Ob er bei der Kundgebung der Syrer auf der Ringstraße gewesen ist
Nein, war ich nicht, weil ich finde, das bringt nichts, wenn man als Syrer hier demonstriert, ich finde das irgendwie absurd. Die Syrer, die hier demonstrieren, sollten lieber zurückreisen und dort etwas bewegen. Hier kann man durch Demonstrationen nicht wirklich was bewegen. Ich finde das irgendwie heuchlerisch.
Denkt er, dass jetzt viele Syrer heimreisen werden?
Das bezweifle ich, weil sich viele ihre Zukunft hier aufgebaut haben. Viele Kinder sind hier zur Welt gekommen und ich bezweifle, dass viele Syrer bereit sind, wieder zurückzukehren und sich dort erneut was aufzubauen. Außerdem ist die Zukunft in Syrien noch ungewiss. Es wird abzuwarten sein, wie sich die Lage entwickelt.
Was er zu den Abschiebe-Rufen für Syrer aus der heimischen Politik sagt
Naja, ich glaube das war erwartbar, weil all die Syrier, die hierher geflüchtet sind, sind vor der Unterdrückung durch das Assad-Regime geflüchtet. Jetzt, wo er gestürzt wurde, gibt es für die meisten keinen Asylgrund mehr.
Welche Erwartungen die Menschen in Syrien haben
Die Ungewissheit macht die Menschen stutzig, weil man noch nicht weiß, wohin sich Syrien jetzt bewegen und wie stabil das Land sein wird. Ein Beispiel: Damals im Irak, als das Saddam-Regime gestürzt wurde, waren auch alle voll Euphorie. Aber dann ist das Land erst recht in Bürgerkrieg und Chaos versunken. Ich hoffe nicht, dass das auch in Syrien der Fall sein wird. Aber die Angst ist natürlich da.
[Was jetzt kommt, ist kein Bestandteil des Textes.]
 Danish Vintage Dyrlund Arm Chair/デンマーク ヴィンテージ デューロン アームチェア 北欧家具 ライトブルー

Ob er nachvollziehen kann, dass manche Österreicher jetzt sagen, die Syrer sollten wieder heimfahren?
Ich kann mir vorstellen, dass die Österreicher irgendwie die Nase voll haben, weil sie haben auch ihre eigenen Probleme und wollen, dass die Regierung sich endlich einmal um das eigene Volk kümmert, anstatt sich um die Asylwerber zu kümmern. Jetzt, wo viele Syrer keinen Asylgrund mehr haben, ist für mich schon nachvollziehbar, dass viele Österreicher denken, jetzt können die Syrer zurück nach Syrien.
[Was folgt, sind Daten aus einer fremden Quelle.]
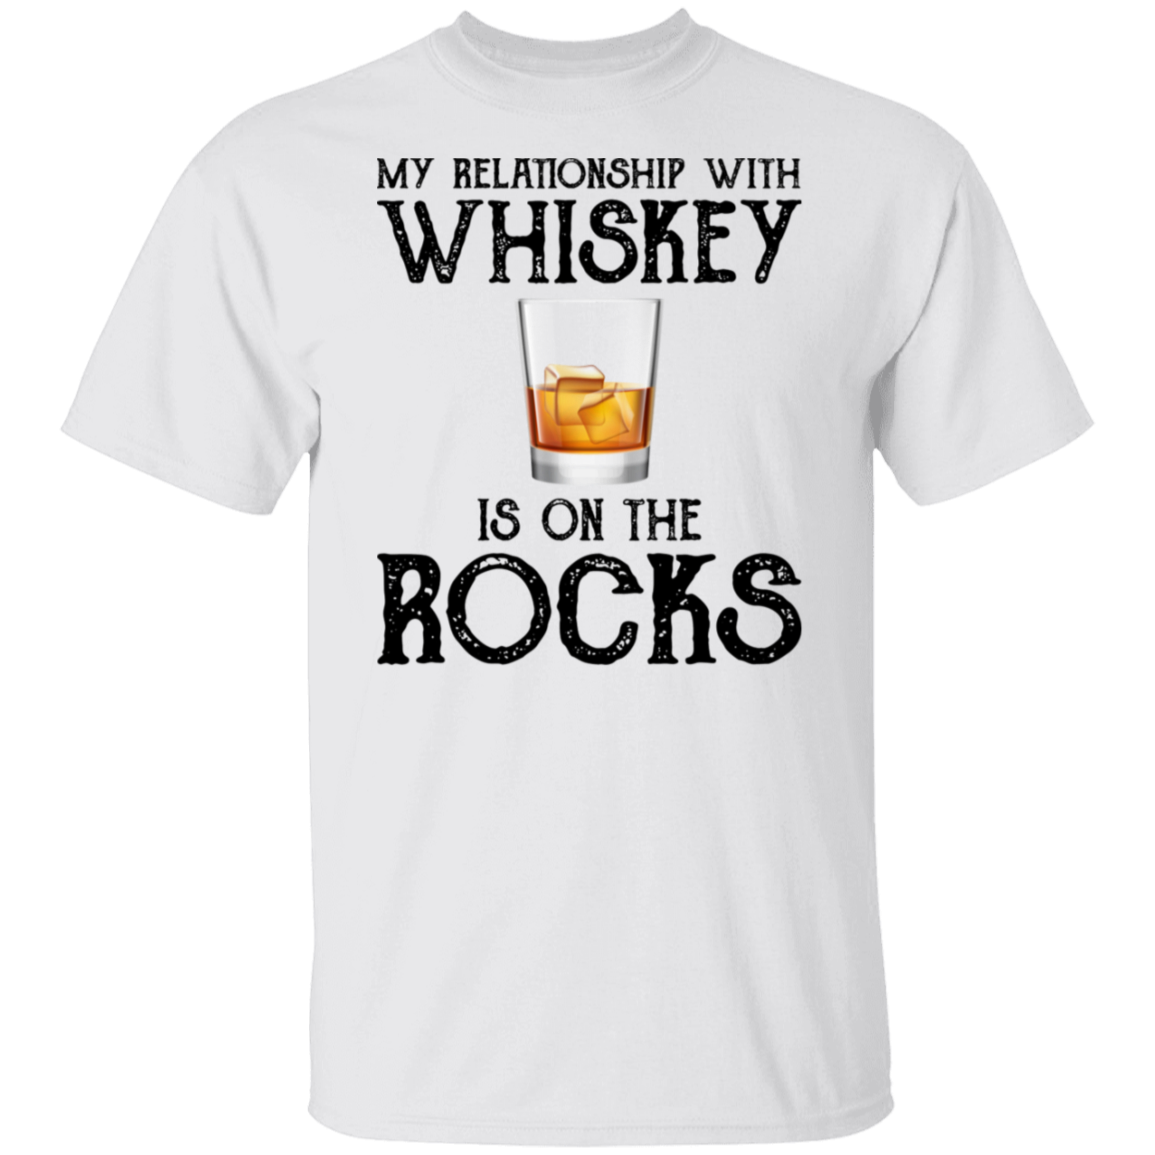 My Relationship With Whiskey T-Shirt

Fragt ihn sein Sohn, woher er kommt?
Er fragt nicht, aber für mich ist es wichtig, dass ich ihm erkläre, woher sein Vater kommt. Das versuche ich ihm langsam beizubringen. Noch ist er, glaube ich, ein bisschen zu jung dafür, aber mal schauen, wie er sich dafür interessiert, wenn er ein bisschen älter ist.
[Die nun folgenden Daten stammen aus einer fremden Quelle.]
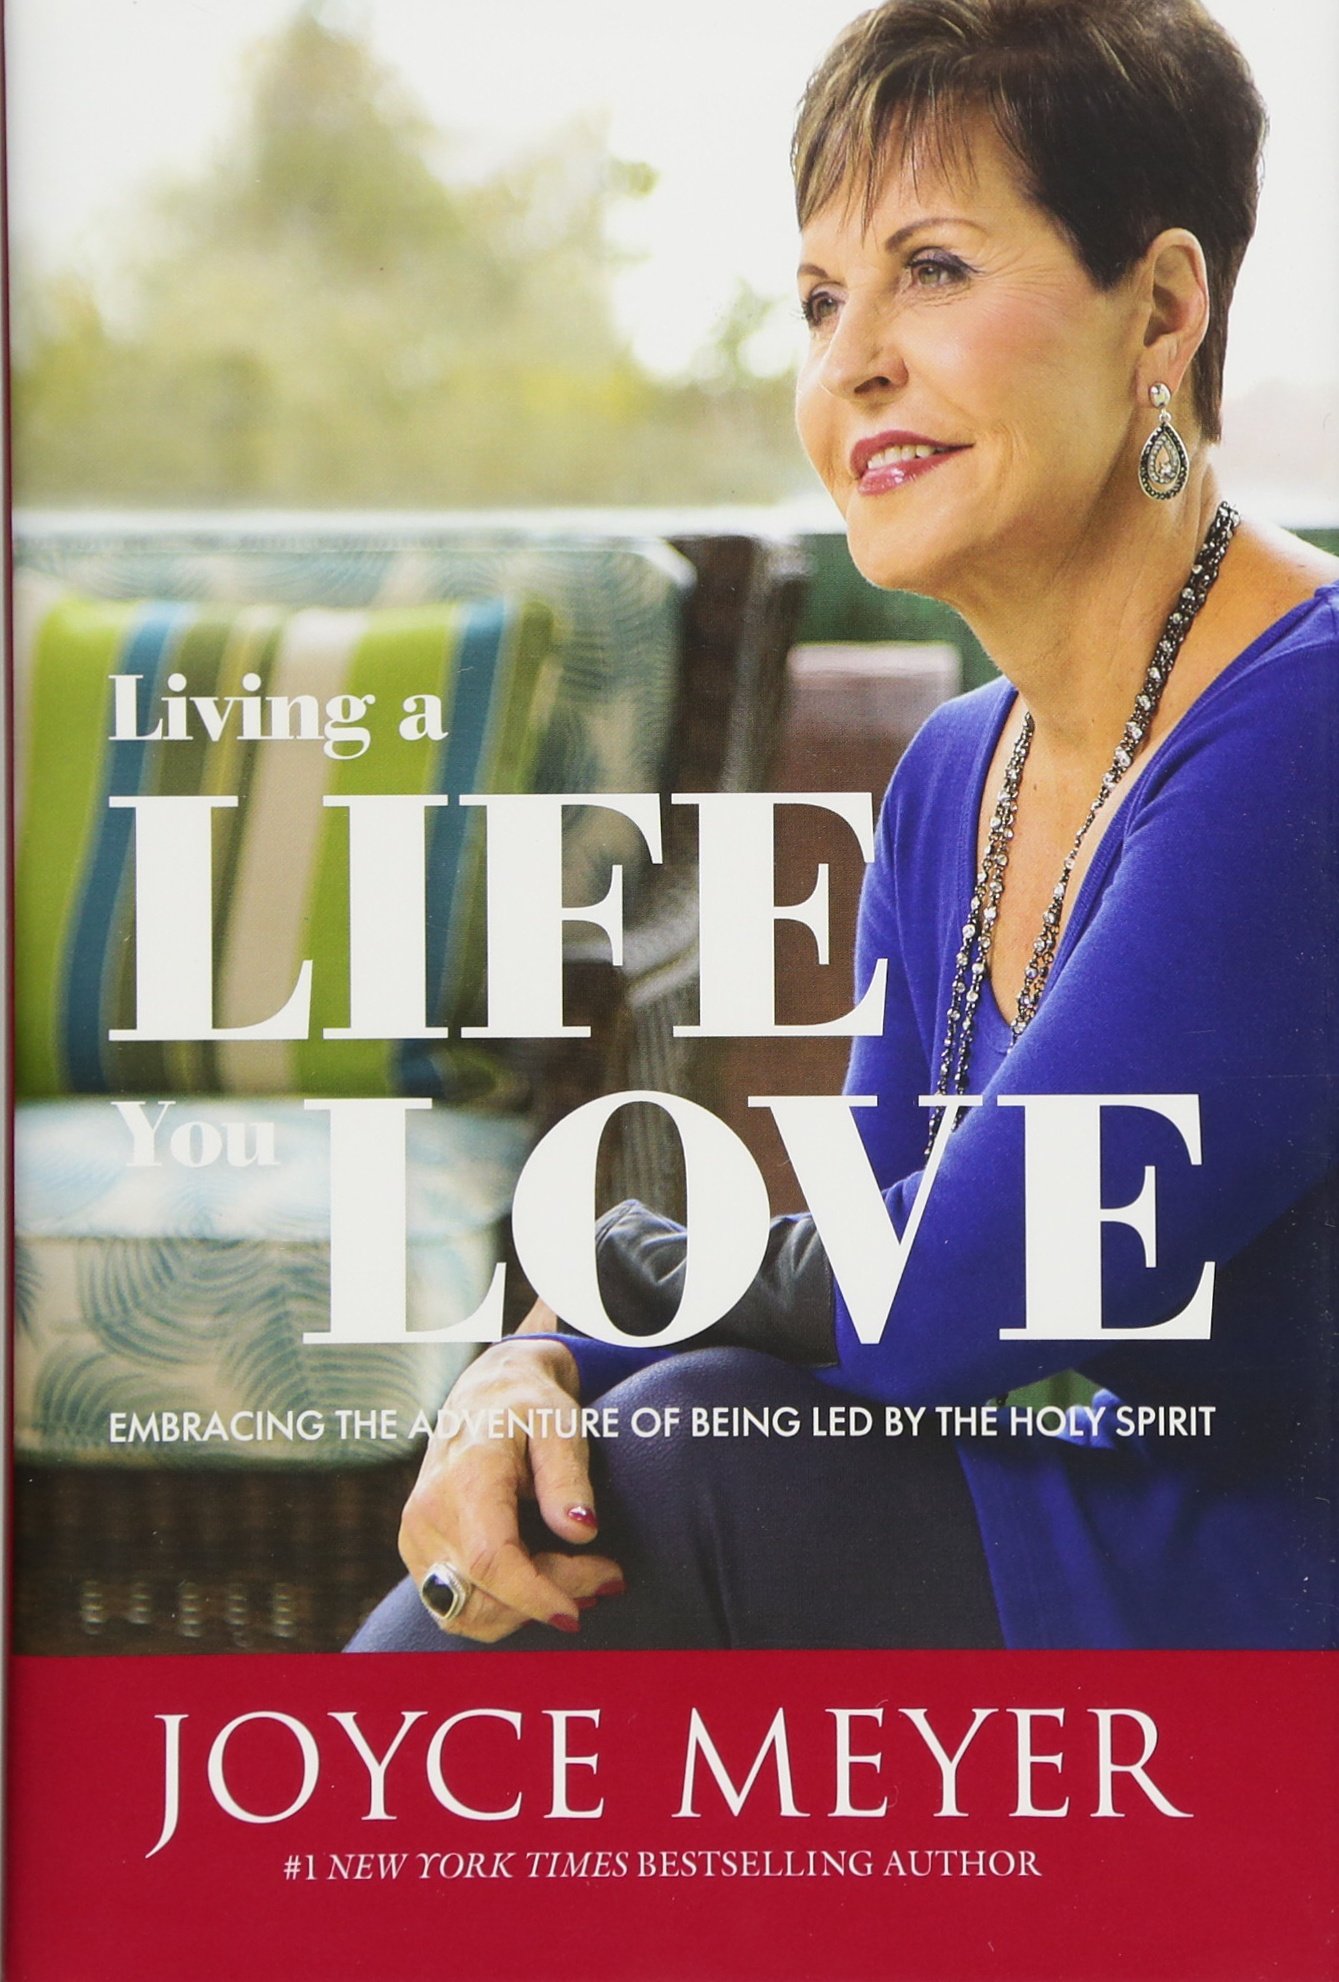 Image for "Living a Life You Love "

Ob er seinen Sohn zweisprachig erzieht
Der Zug ist leider längst abgefahren. Da habe ich verpasst, weil es für mich etwas zu mühsam war. Arabisch spricht er leider nur ein paar Worte. Aber ich spreche auch nur mit meiner Mutter arabisch, mit meinen Geschwistern und Neffen spreche ich deutsch.